* **ABOUT THIS TASK**:
All the data below goes into the copy word for word, but the pictures don't.

* **DATA**:
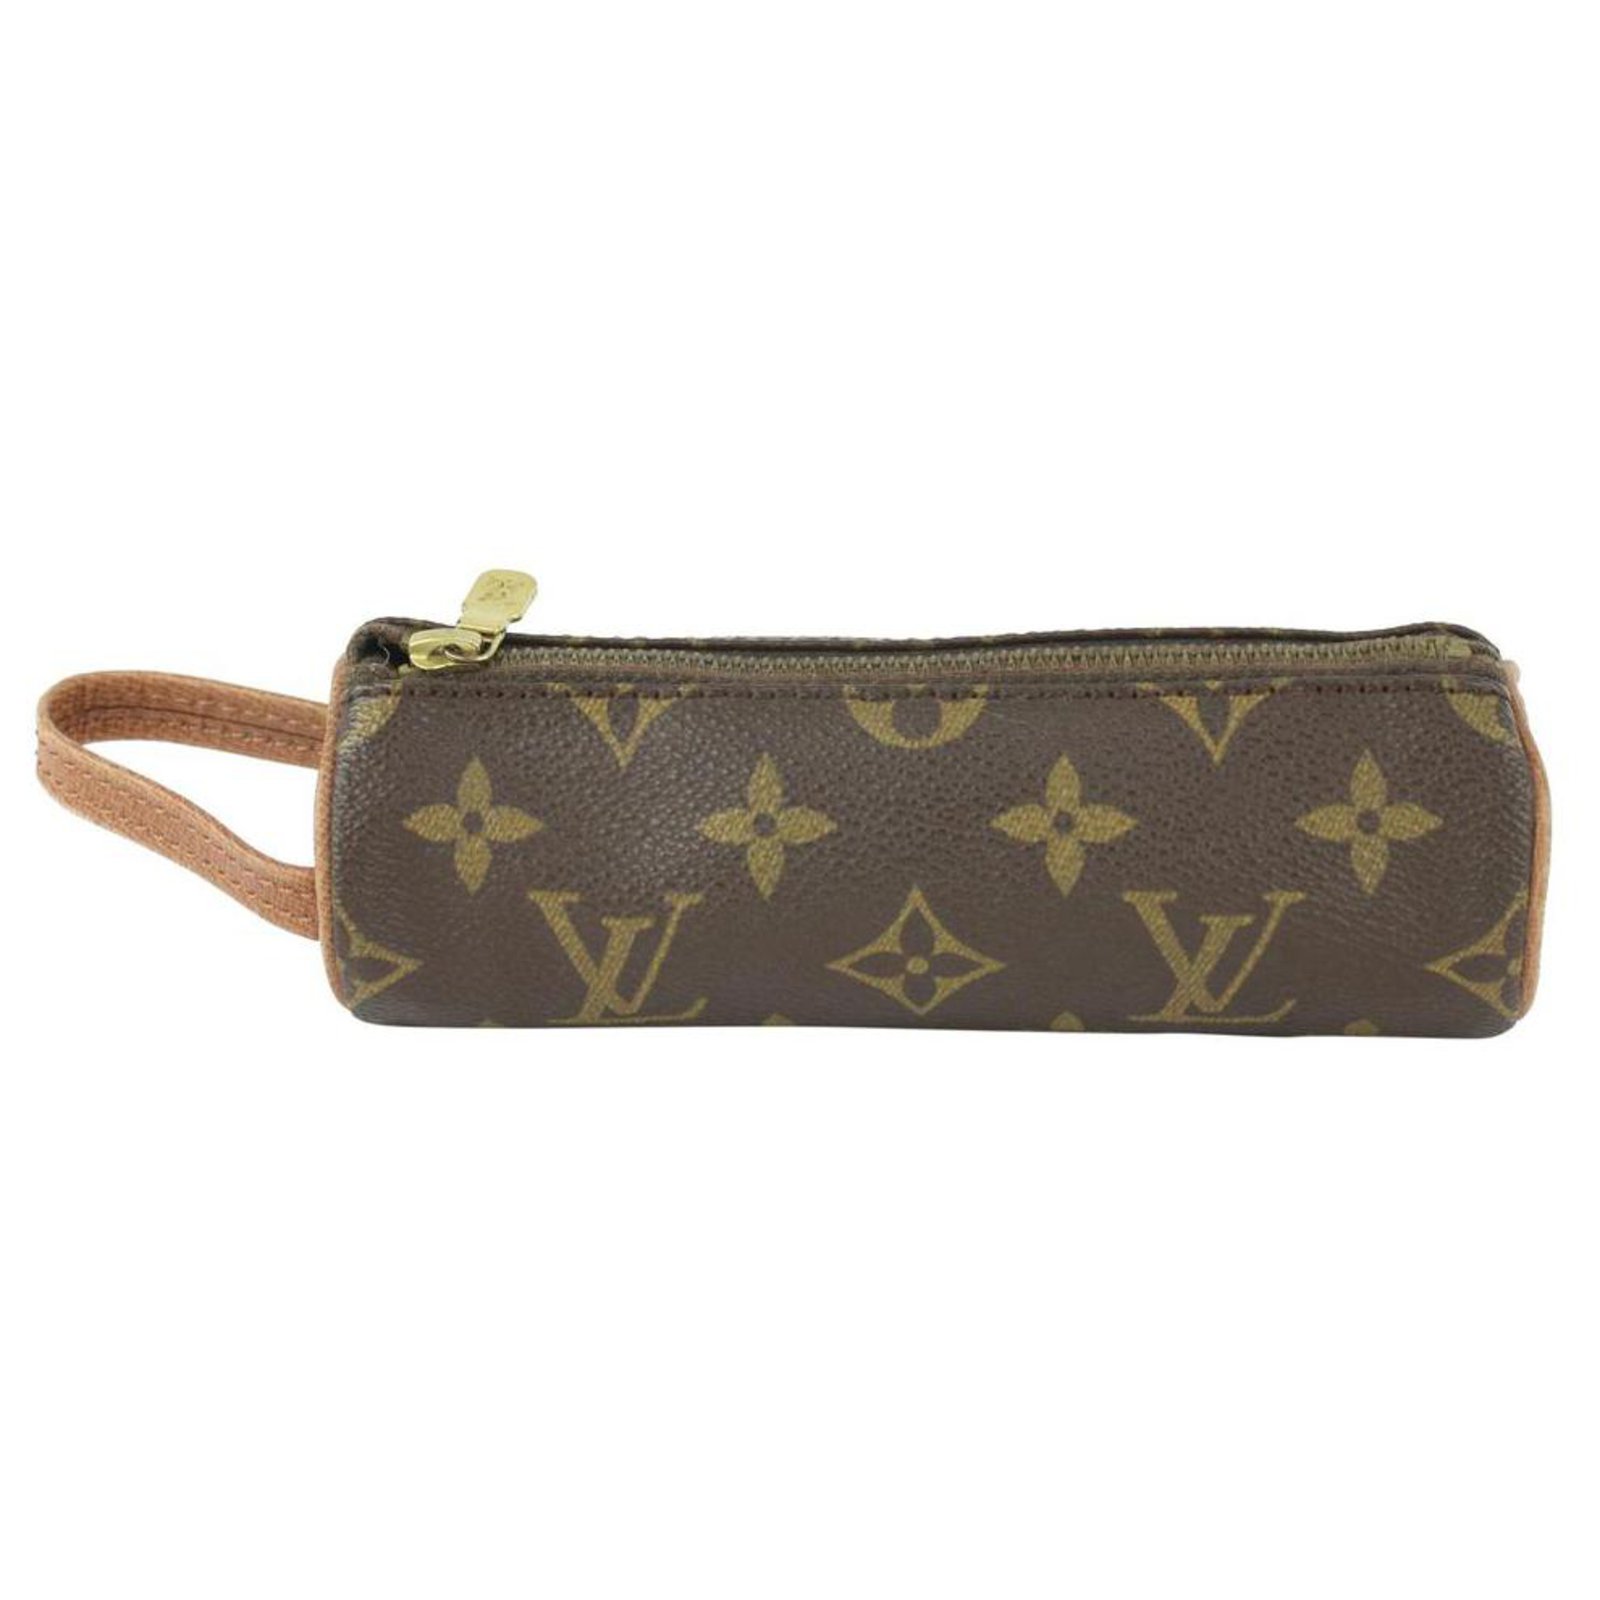 Louis Vuitton Monogram Golf Ball Holder Round Pencil Cate Leather
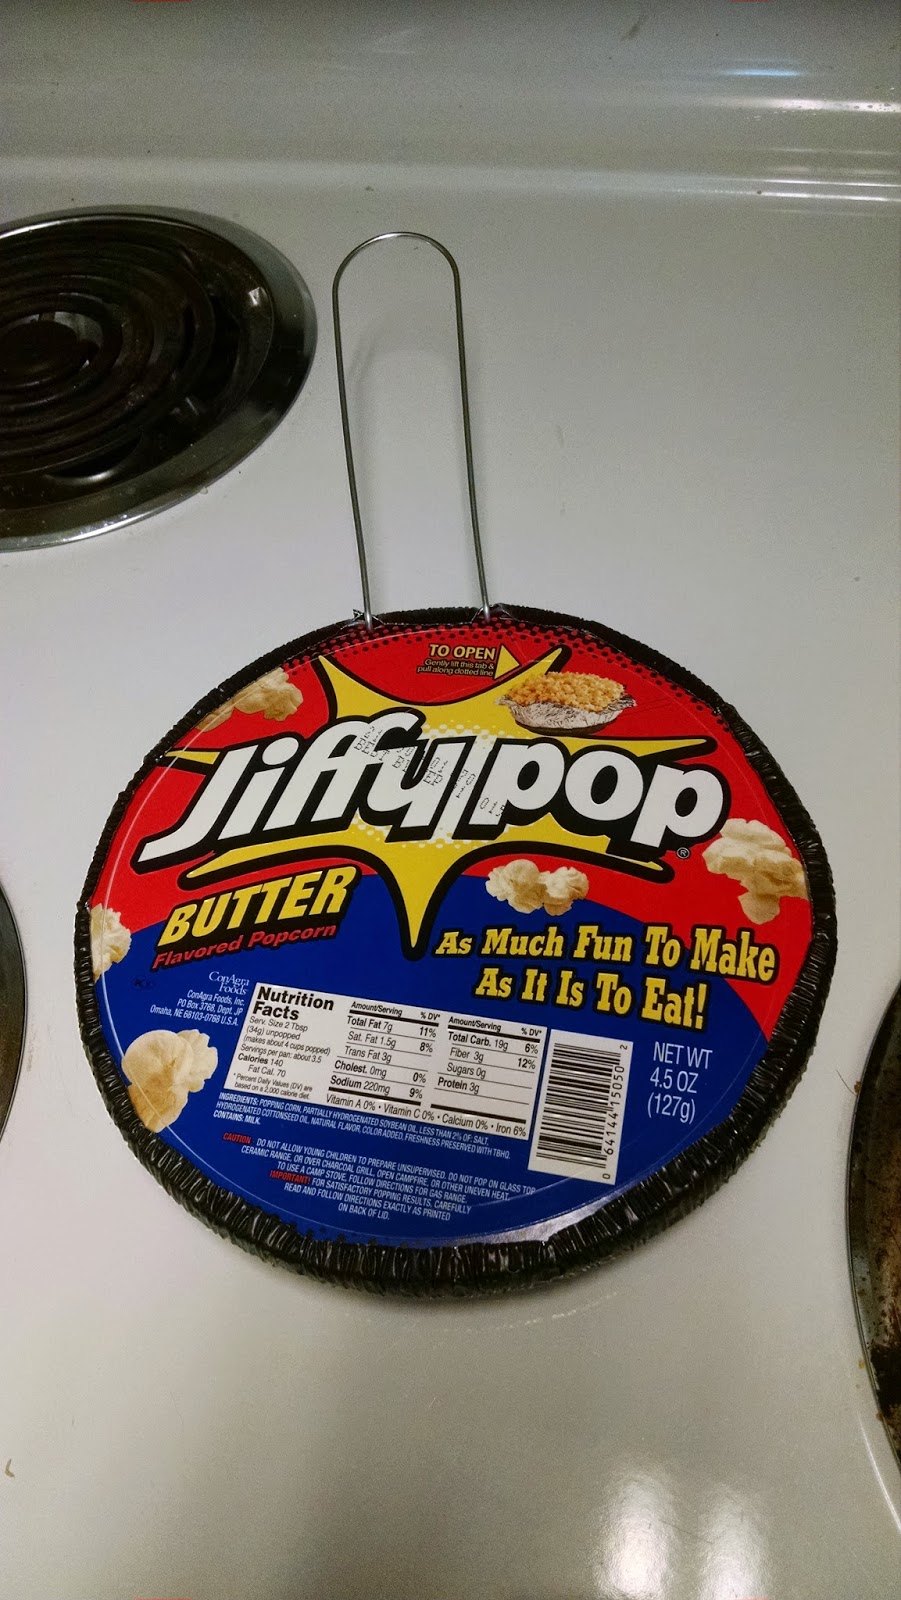 Lissa's Life in the Southwest: Jiffy Pop Food Review
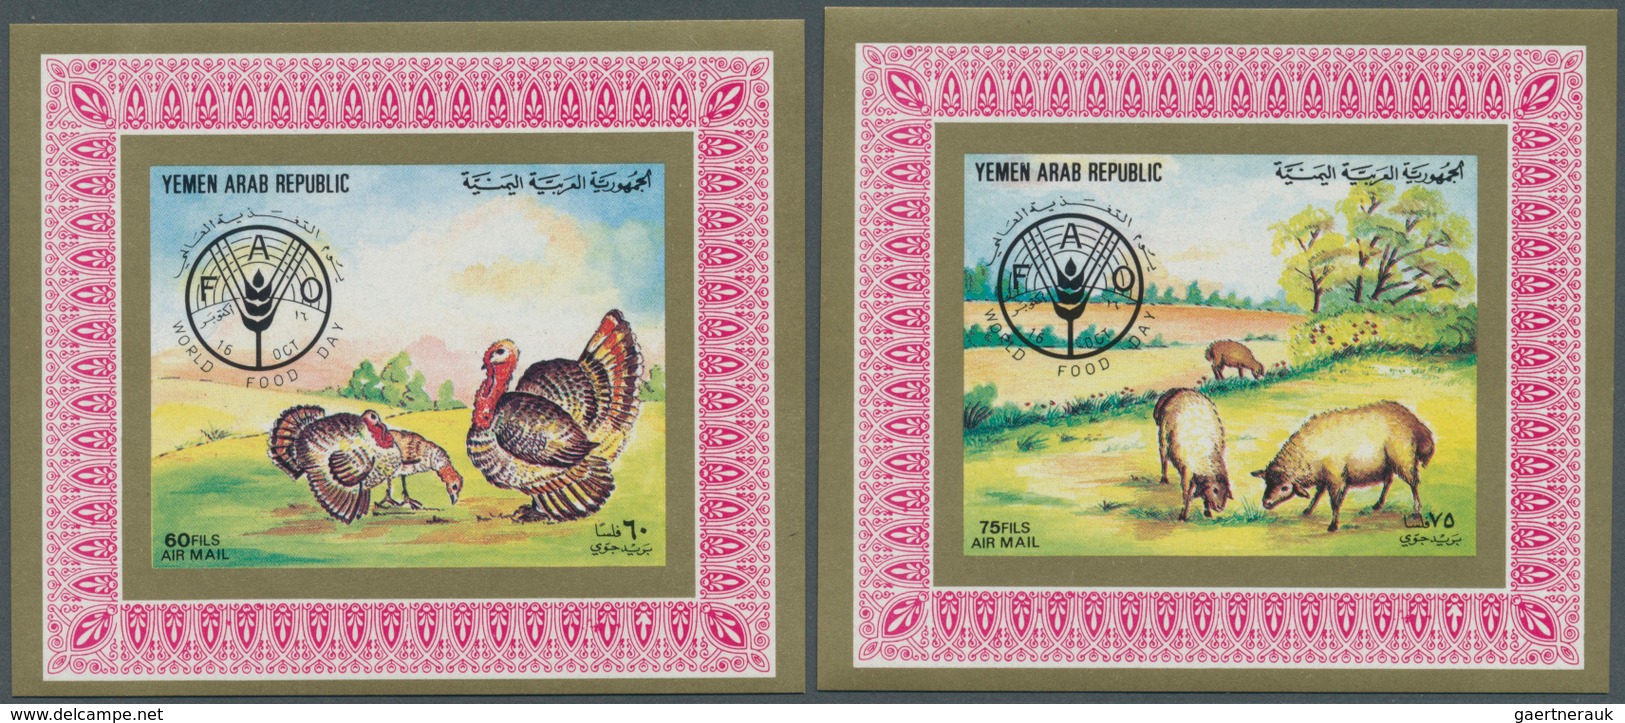 Jemen: 1980/1985, DE LUXE SHEETS, seven different issues with 25 complete sets of de luxe sheets eac

* **YOUR RESPONSE**:
 Louis Vuitton Monogram Golf Ball Holder Round Pencil Cate Leather
 Lissa's Life in the Southwest: Jiffy Pop Food Review
 Jemen: 1980/1985, DE LUXE SHEETS, seven different issues with 25 complete sets of de luxe sheets eac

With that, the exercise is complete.